I gave the X a lot of thought, but I took the title “Pastor” for granted.

At the 2008 General Conference of the United Methodist Church, certain changes were made regarding the relationship between family leave and the ordination process.  And as a result, it became impossible to imagine that I could complete the ordination requirements in the new allotted time.  So this past June, my petition to be discontinued as a Probationary Elder was accepted by the Virginia Annual Conference.

This summer, I received a note from my District Superintendent.  As an ex-pastor, I was required to return not only my license for local ministry, but also the certificate I received when I was commissioned a probationary elder.  Turns out it is not so much like a diploma, and more like a license.
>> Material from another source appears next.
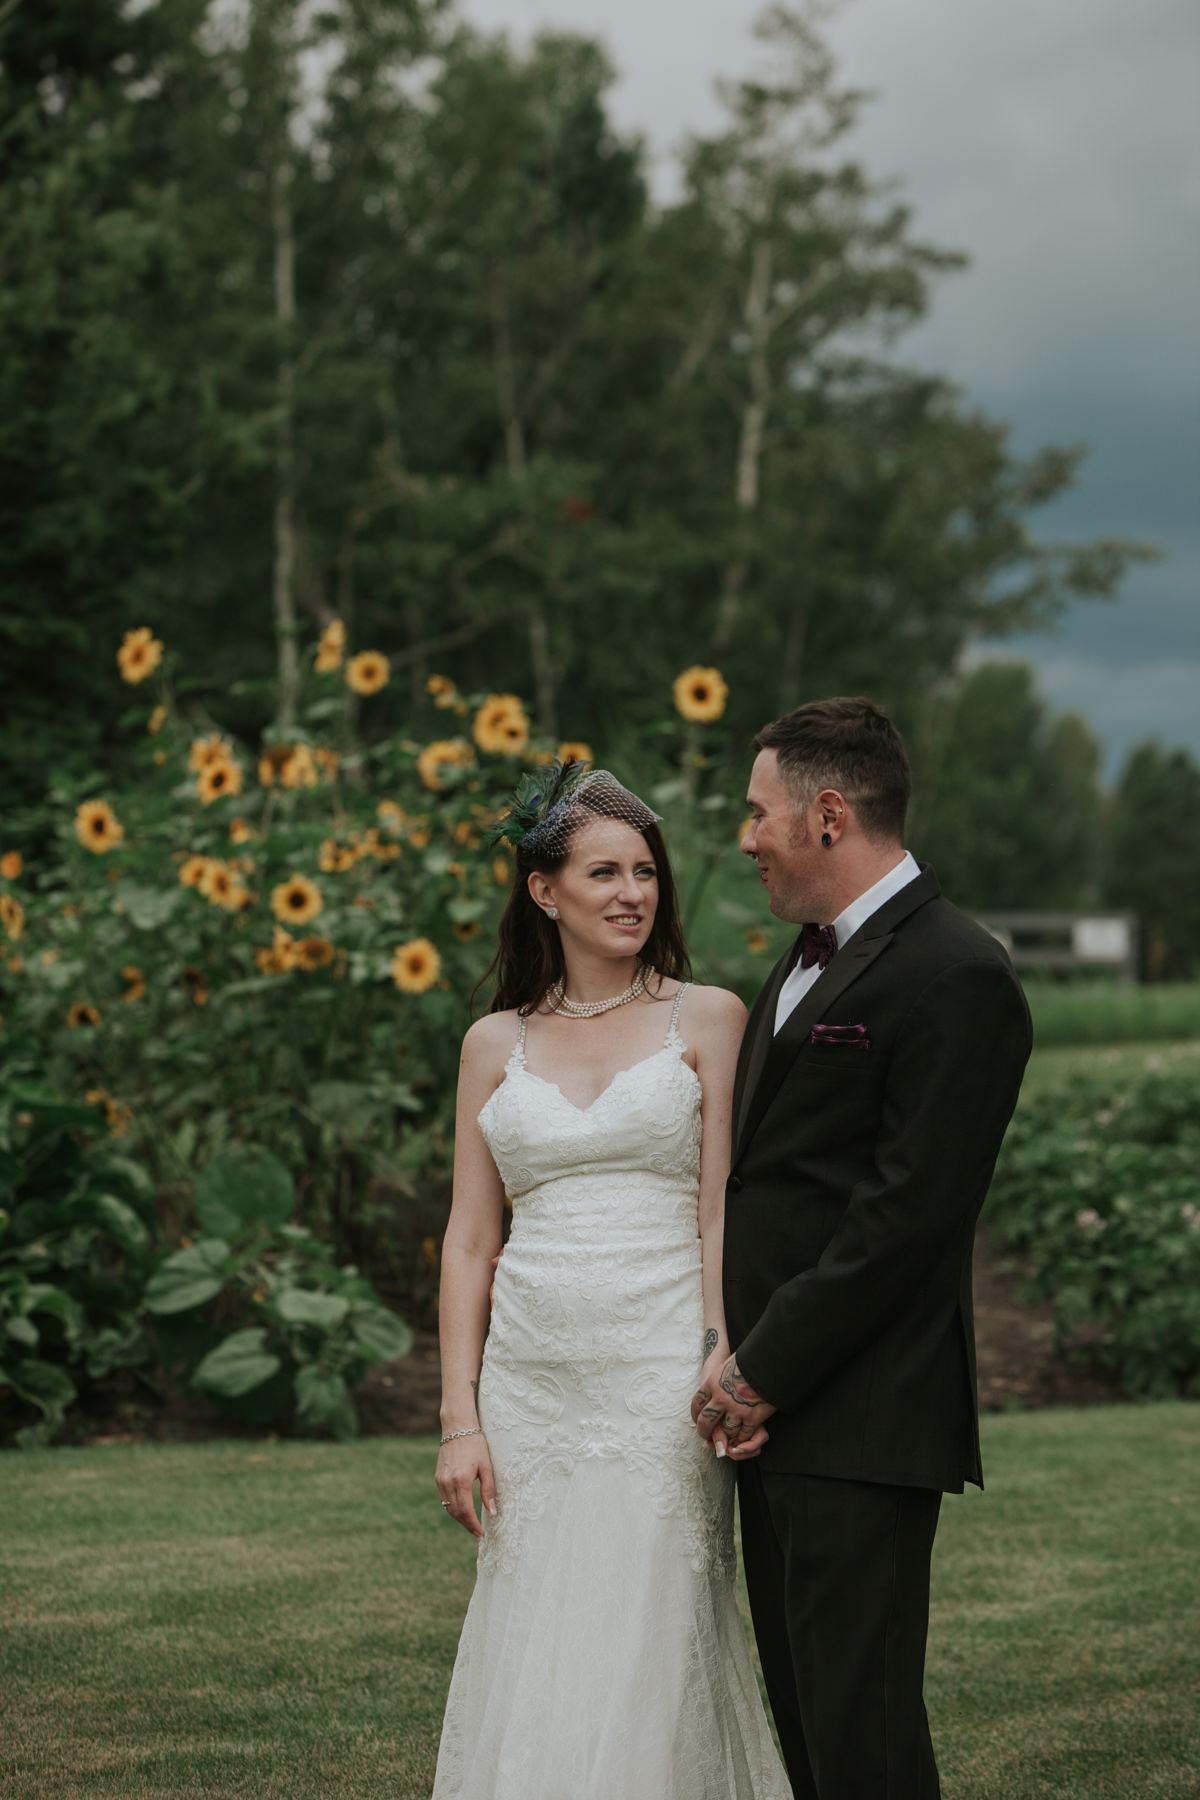 Vancouver Wedding Photographer Pam (54).jpg

It was not until a few weeks ago that I was finally ready to climb the stairs to my work space, take the frame off the wall, pry open the back, and remove the certificates.  Today I will put them in the envelope and finally send them back to the District Office.

Now, I am pure X – the traditional mark made by an individual who does not know how to sign her or his own name.  I think that it is starting to grow on me.